The first example was the Great Central Railway Class 8H of 1907. These were designed for hump shunting and so required high tractive effort, good adhesion and traction for starting from rest. Although developed from the 8A tender class, and having some interchangeable parts in their running gear, they also had three cylinders rather than two. The three cylinder tank locomotive was in fashion at this time, as a means of achieving good acceleration from rest, owing to their more even power delivery and the reduced risk of wheelslip.
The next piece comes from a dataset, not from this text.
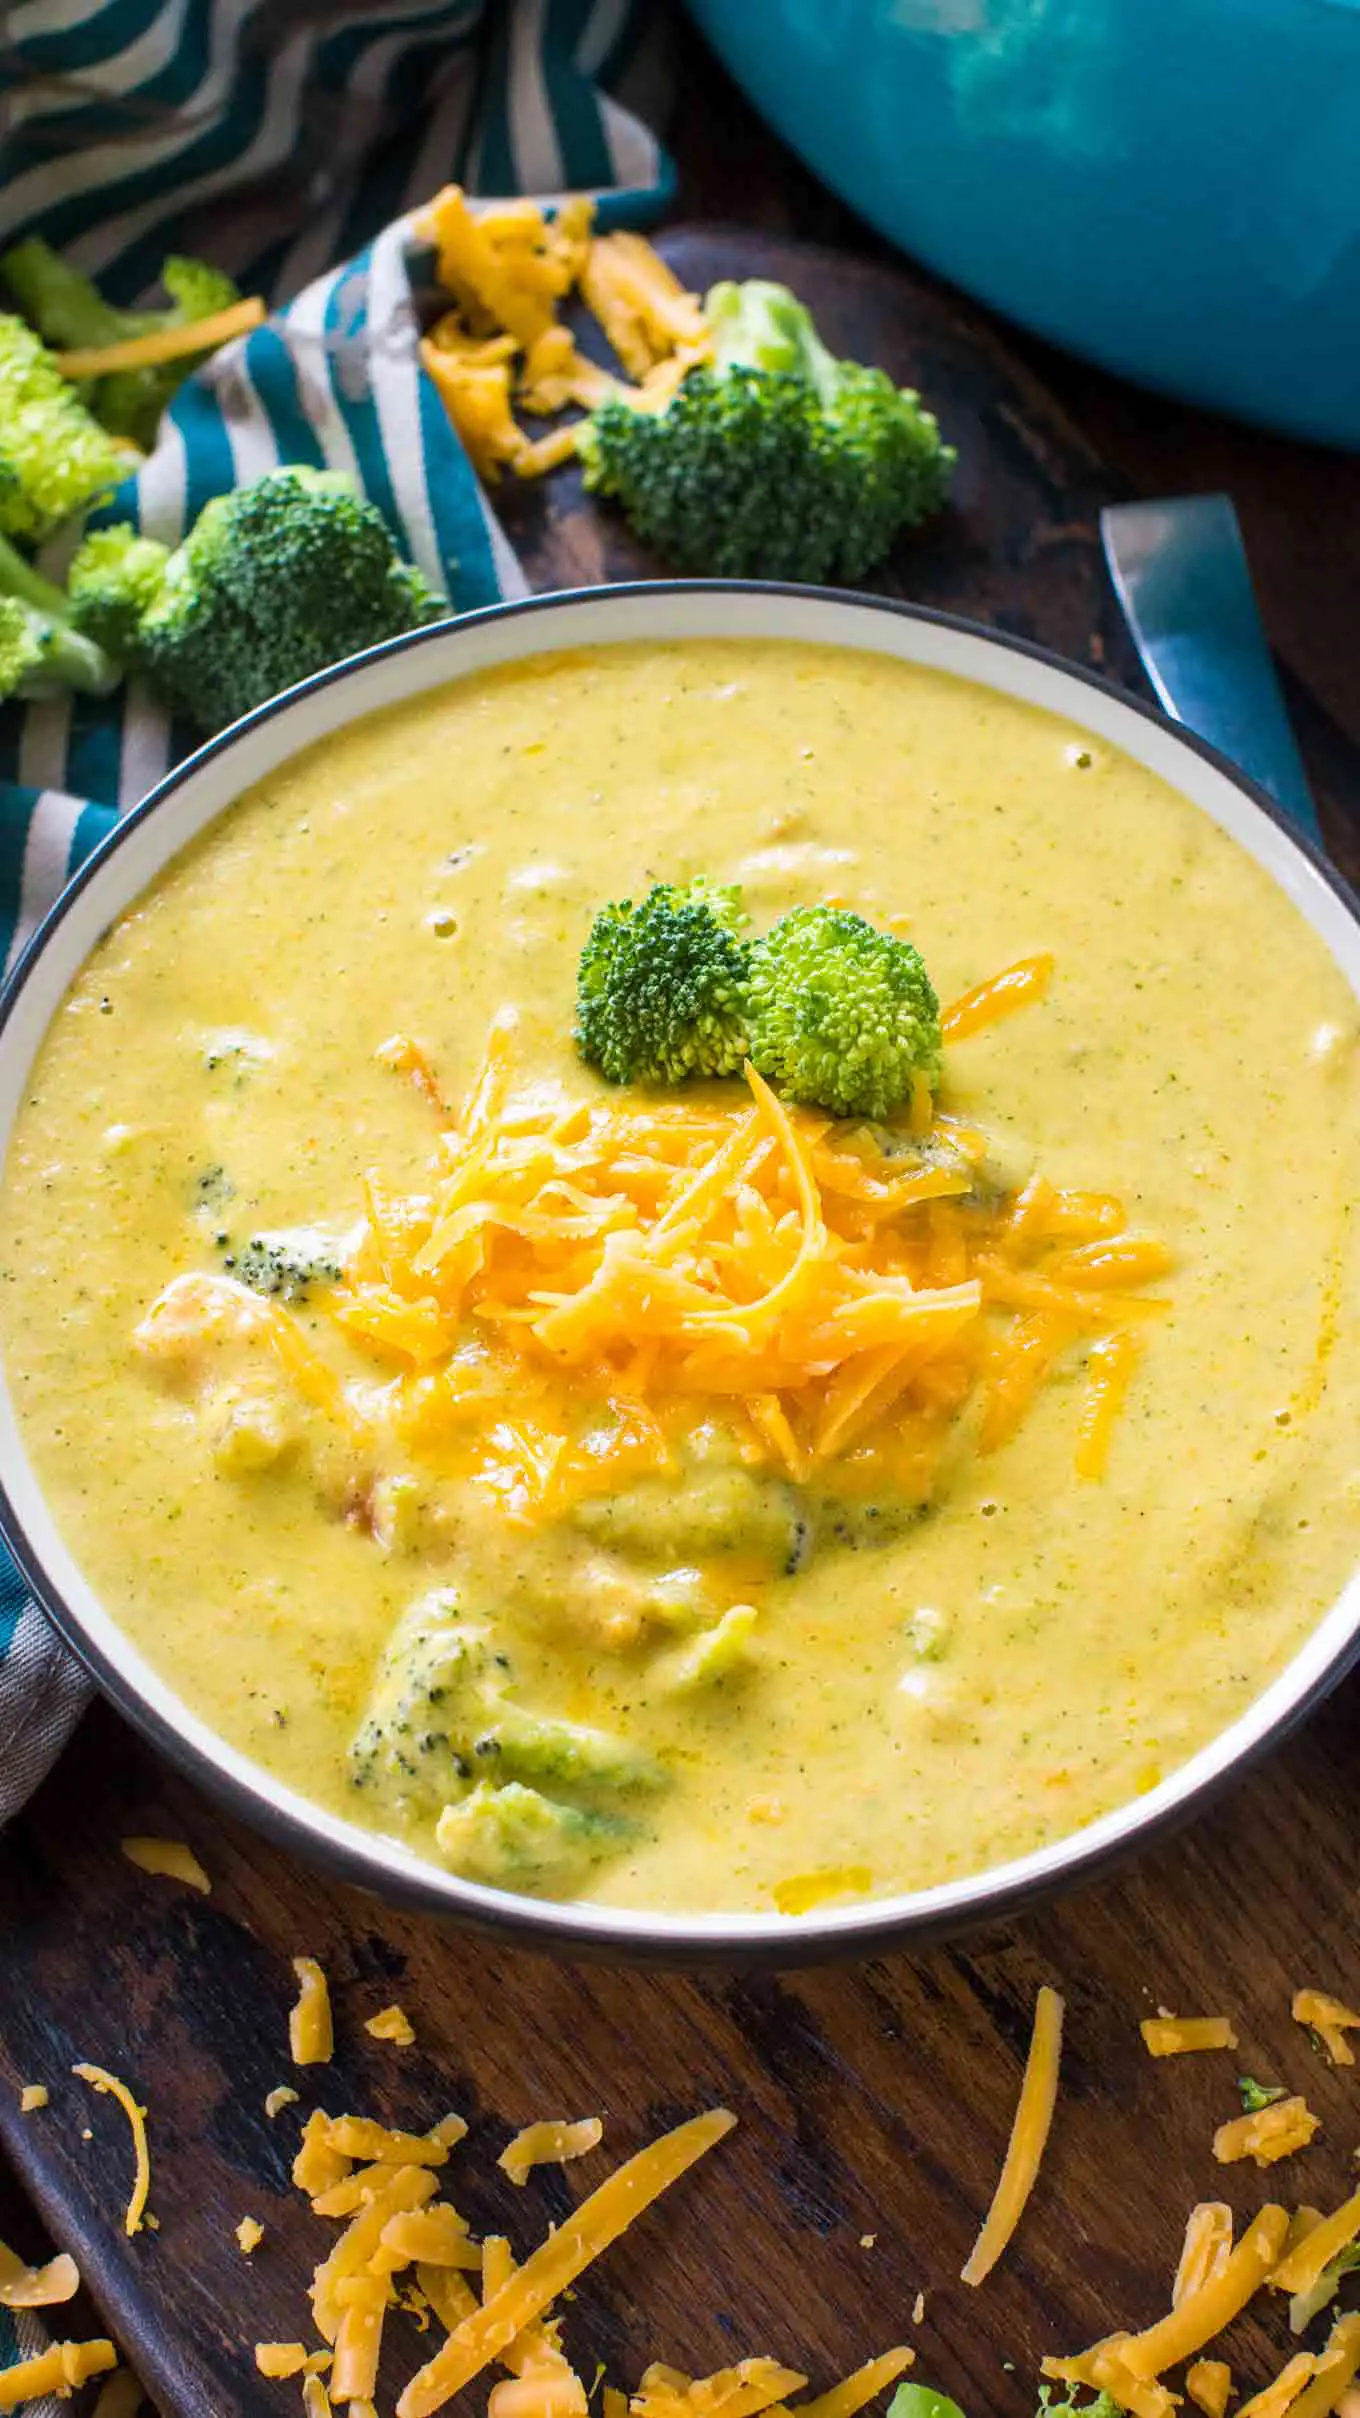 Panera Bread Broccoli Cheddar Soup Copycat [VIDEO] - Sweet and Savory Meals

This three-cylindered pattern had begun with Holden's Decapod of 1902 and carried through into Worsdell and Raven's fast passenger tank locomotives of 4-6-2T and 4-4-4T layout for the North Eastern Railway in 1910 and 1913. Worsdell also designed a comparable heavy shunter of his own, the Class X, although this used the 4-8-0T layout with a leading bogie, rather than trailing.

The class was considered a success, although highly specialised, and developments were rebuilt and built new by the LNER. The rebuilt locomotive trialled a new outside-framed bogie, fitted with a booster engine, the LNER being one of the few UK railways to favour these. Two further locomotives were also built by the LNER. Six were built in total.

The second example was LNWR 380 Class. These were a simple stretched version of the inside-cylindered 0-8-2T 1185 Class, which had been derived from the LNWR's numerous 0-8-0 freight locomotives, with a larger coal bunker. The class was intended for both shunting, banking and as mineral engines for the heavy coal or iron train use in the South Wales coalfield. The enlarged bunker made them more suitable for these longer workings. Thirty were built.